When no delimiters are found

Ascii85.decode("No delimiters")
# => ""

Decoding to an IO object

output = StringIO.new
Ascii85.decode("<~;KZGo~>", out: output)
# => output (with "Ruby" written to it)

Parameters:

str (String) —

The String containing Ascii85-encoded content
out (IO, nil) (defaults to: nil) —

An optional IO-like object to write the output to

Returns:

(String, IO) —

The decoded String (in ASCII-8BIT encoding) or the output IO object (if it was provided)

Raises:

(Ascii85::DecodingError) —

When malformed input is encountered



191
192
193

# File 'lib/ascii85.rb', line 191

def decode(str, out: nil)
  decode_raw(extract(str), out: out)
end

.decode_raw(str_or_io, out: nil) ⇒ `String`, `IO`

Note:

The input must not be enclosed in ‘<~’ and ‘~>’ delimiters.

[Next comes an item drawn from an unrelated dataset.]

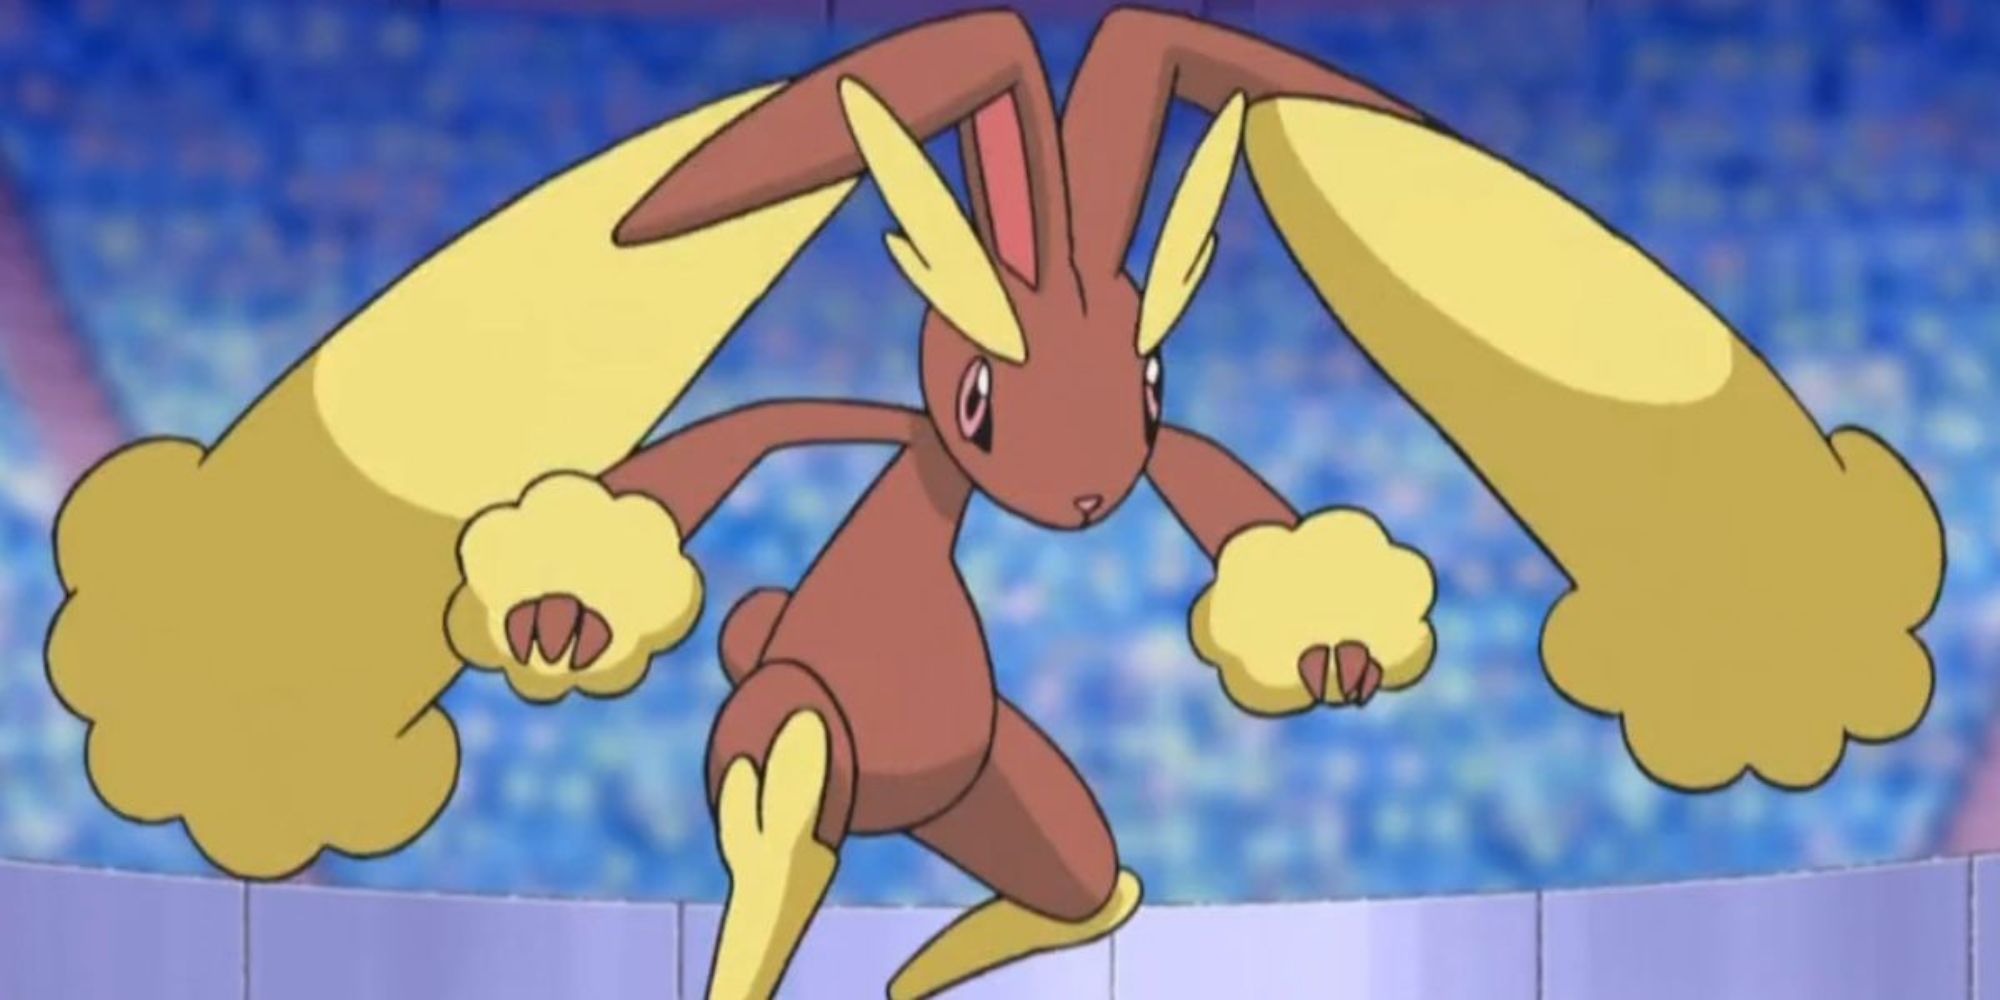 Lopunny jumps in the air in a crowded stadium

Decodes the given raw Ascii85-encoded String or IO-like object.

Examples:

Decoding a raw Ascii85 String

Ascii85.decode_raw(";KZGo")
# => "Ruby"

Decoding from an IO-like object

input = StringIO.new(";KZGo")
Ascii85.decode_raw(input)
# => "Ruby"

Decoding to an IO object

output = StringIO.new
Ascii85.decode_raw(";KZGo", out: output)
# => output (with "Ruby" written to it)

Parameters:

str_or_io (String, IO) —

The Ascii85-encoded input to decode
out (IO, nil) (defaults to: nil) —

An optional IO-like object to write the output to

Returns:

(String, IO) —

The decoded String (in ASCII-8BIT encoding) or the output IO object (if it was provided)

Raises:

(Ascii85::DecodingError) —

When malformed input is encountered

# File 'lib/ascii85.rb', line 221

def decode_raw(str_or_io, out: nil)
  reader = if io_like?(str_or_io)
             str_or_io
           else
             StringIO.new(str_or_io.to_s, 'rb')
           end

  # Return an unfrozen String on empty input
  return ''.dup if reader.eof?

  # Setup buffered Reader and Writers
  bufreader = BufferedReader.new(reader, encoded_chunk_size)
  bufwriter = BufferedWriter.new(out || StringIO.new(String.new, 'wb'), unencoded_chunk_size)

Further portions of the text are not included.